Gym memberships are expensive, and the truth is that most people stop using them after a short period of time. In fact, many popular, low-priced gyms have even built their business model around the fact that their customers really don’t use their memberships that often. Instead of spending money on a gym membership you most likely won’t use, consider starting a simple exercise regimen that costs no money but can help you to build lean muscle mass while losing weight.

Upper-Body Exercises

Strengthening your upper-body will increase your lifting ability and improve your posture. Increasing your upper-body strength will raise your metabolism and help to prevent strain-related and injuries.
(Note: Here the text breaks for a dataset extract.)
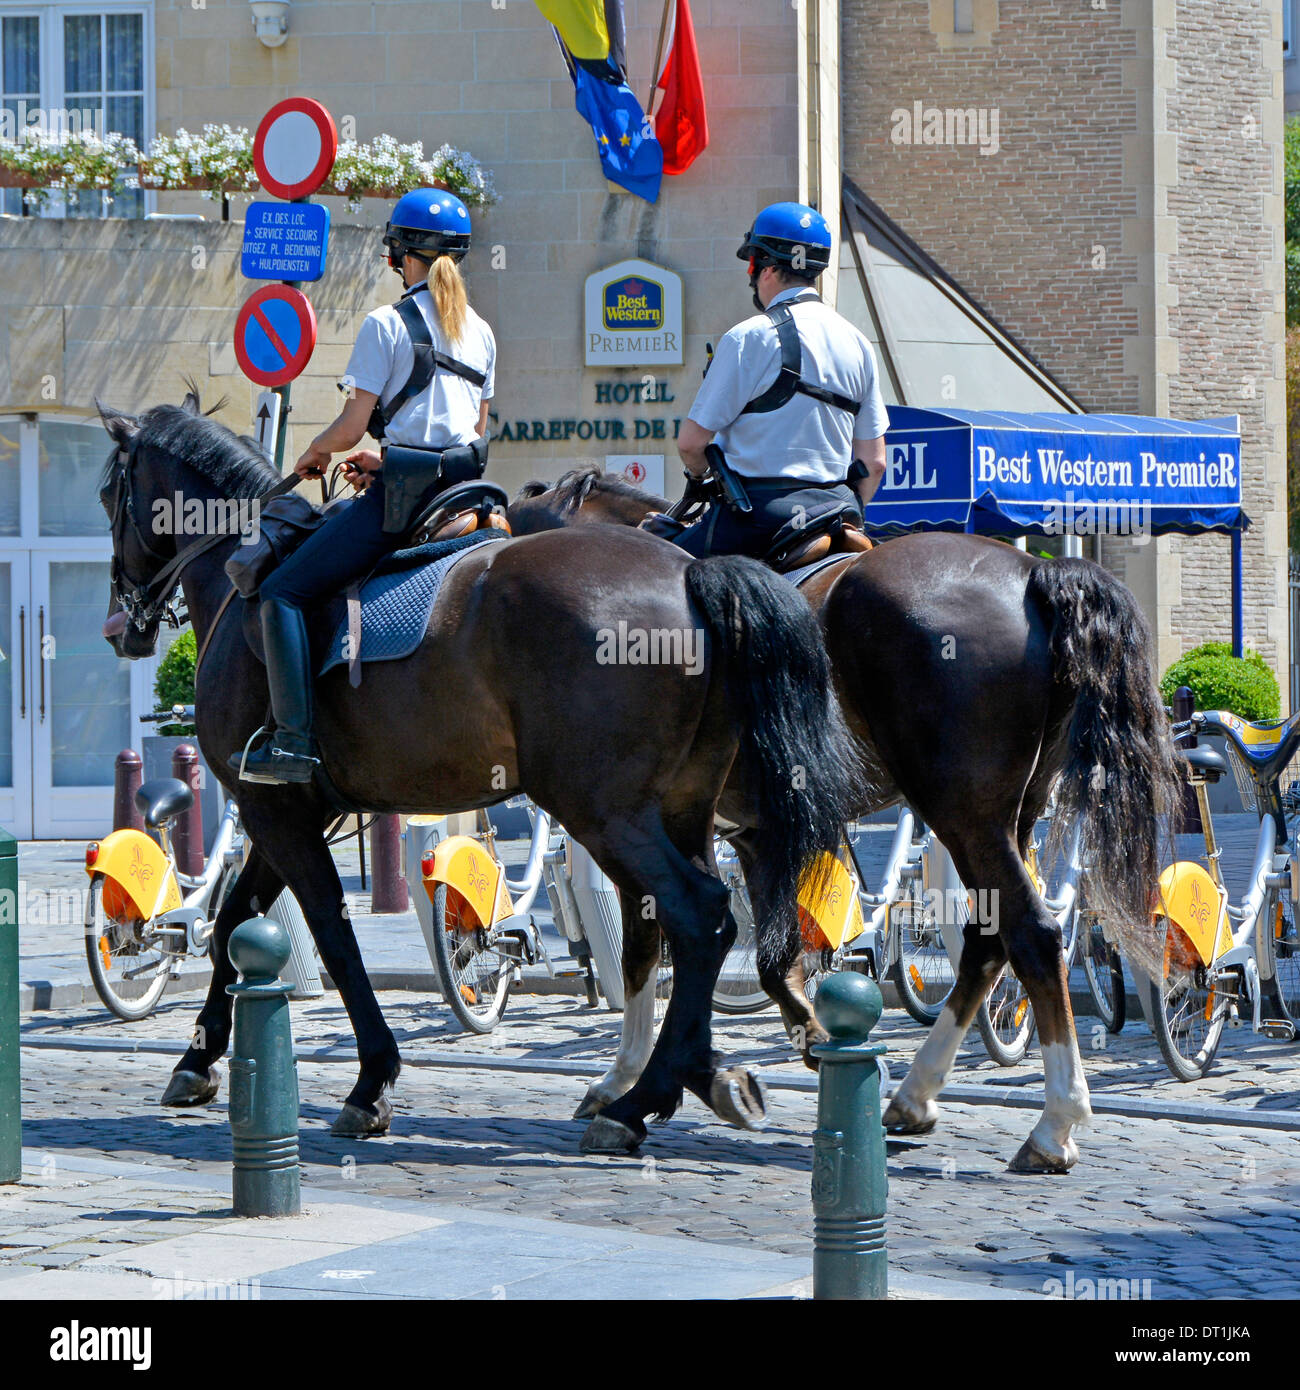 Mounted police officers patrolling on horseback in Brussels Belgium Stock Photo

  • Tricep dip – With knees bent and feet hip-width apart on the floor, put your hands shoulder-width apart and behind you. Lift hips off floor about 1 inch and shift weight back. Bend and straighten elbows, careful not to move your feet. Repeat 20 times
  • Arm circles – Stand with arms extended by your sides. Make slow clockwise circles for thirty second, then reverse the maneuver to go counter-clockwise.

Stomach and Core Exercises

Carrying a little extra weight around your middle is one of the worst places to do so, placing you at a higher risk for diabetes, heart disease and certain cancers. The following exercises can help to target your abdominal region, building muscles that burn fat.
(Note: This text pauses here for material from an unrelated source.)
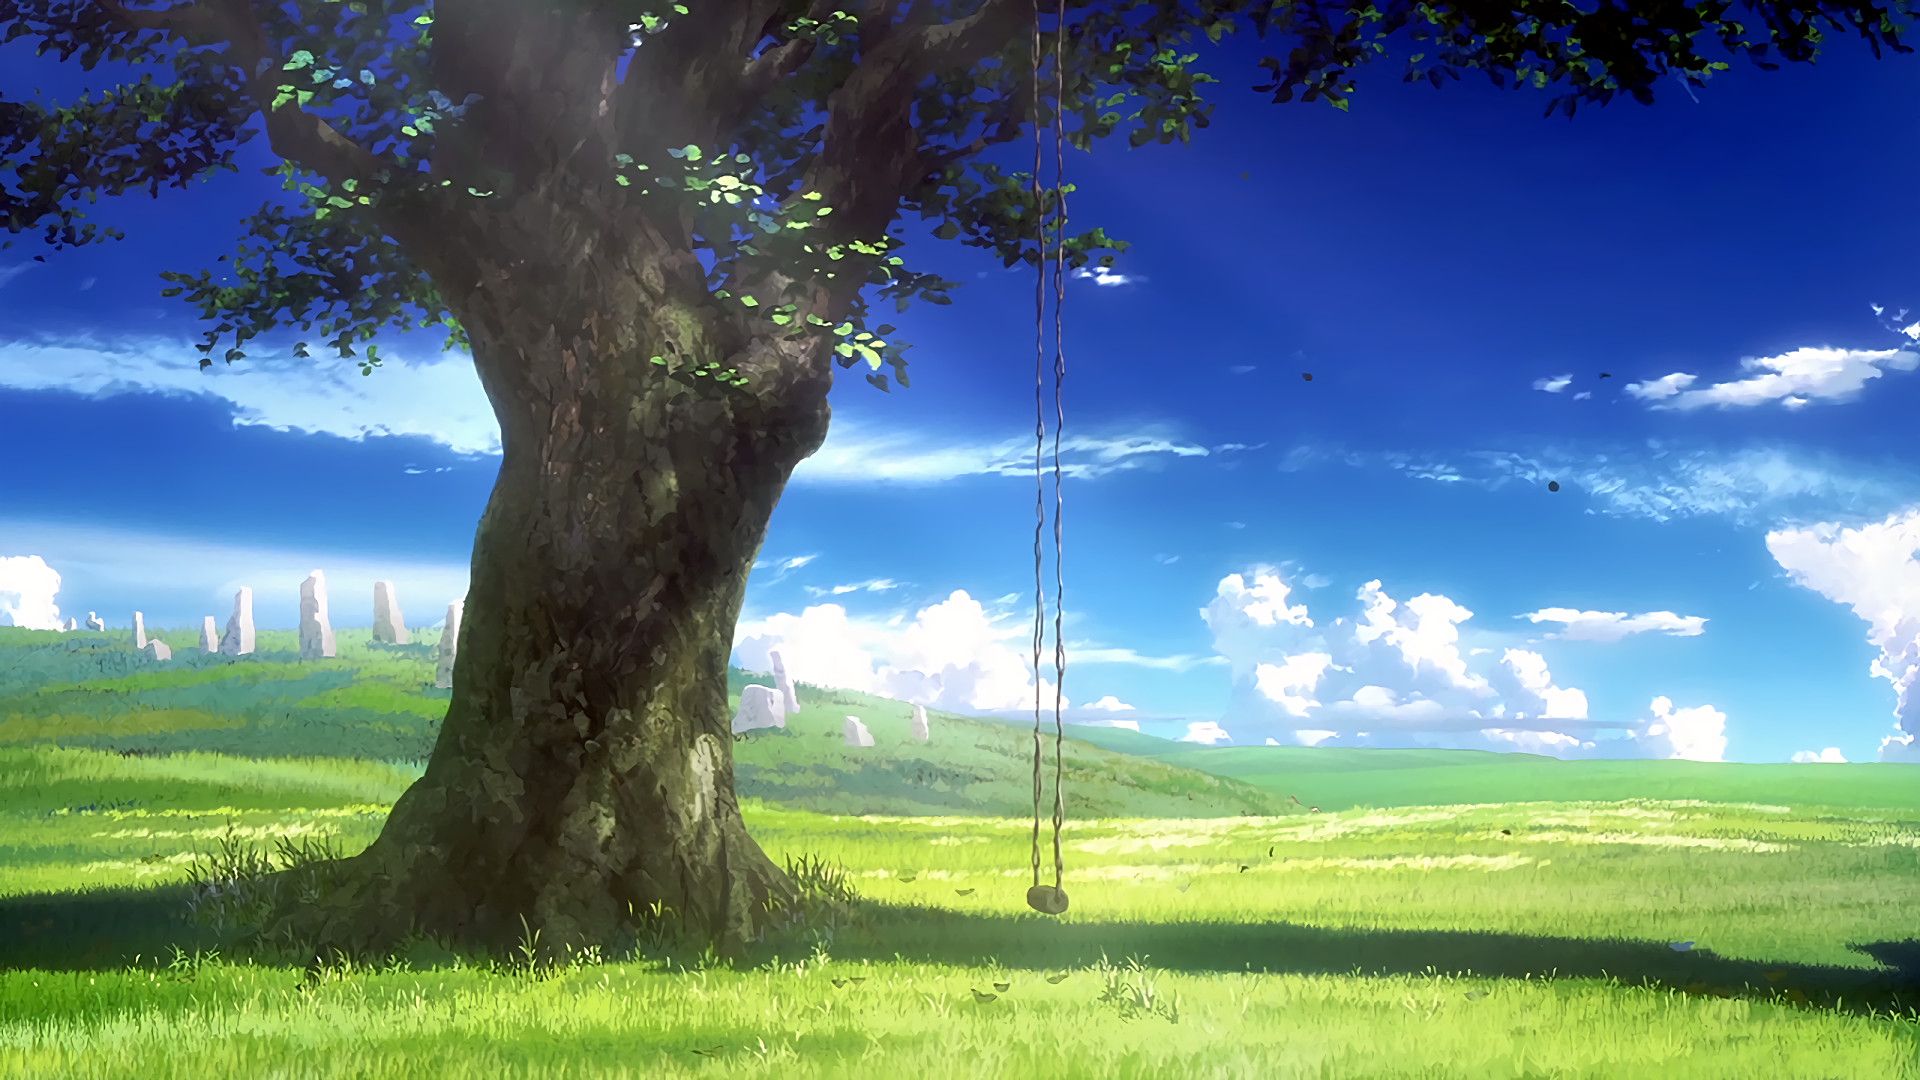 4K Anime Purple Evening Sky  Relaxing Live Wallpaper  1 Hour Screensaver   Infinite Loop   YouTube

  • Cross-Body Bridge – This exercise engages all of your abdominal muscles. Lie flat on your back, left foot flat to the floor and your right foot extended fully upwards. Move your right leg and left arm towards each other without lifting your back or shoulders. Hold for 10-15 seconds, returning to original position. Repeat 12 times on each side.
  • Plank – This exercise is easy to learn but difficult to master. From a push-up posture, rest your weight on your forearms with elbows bent at a 90° angle. Elbows should be in line with your shoulders and your body in a straight line from head to toe. Hold for 20-30 seconds.

Leg Exercises

Your legs contain the largest muscles in your body. Focusing on developing muscles and strength in your legs will help to boost your overall metabolism while improving your stamina.

  • Side Leg Lift – This tones your thighs and calves while also offering a good oblique workout. Lie on your right side, legs extended and in a straight line. Lift both legs off the ground a couple of inches and hold for 5 seconds. Repeat 20 times and switch sides.
  • Squat Kick – Tone your legs and rear end with this simple exercise. Place your feet shoulder-width apart and slightly squat with your knees over your toes. Raise your left knee to to form a 90° angle, then extend your leg to the side as your straighten your right leg. Hold for 5 seconds, then repeat 10-15 times before switching sides.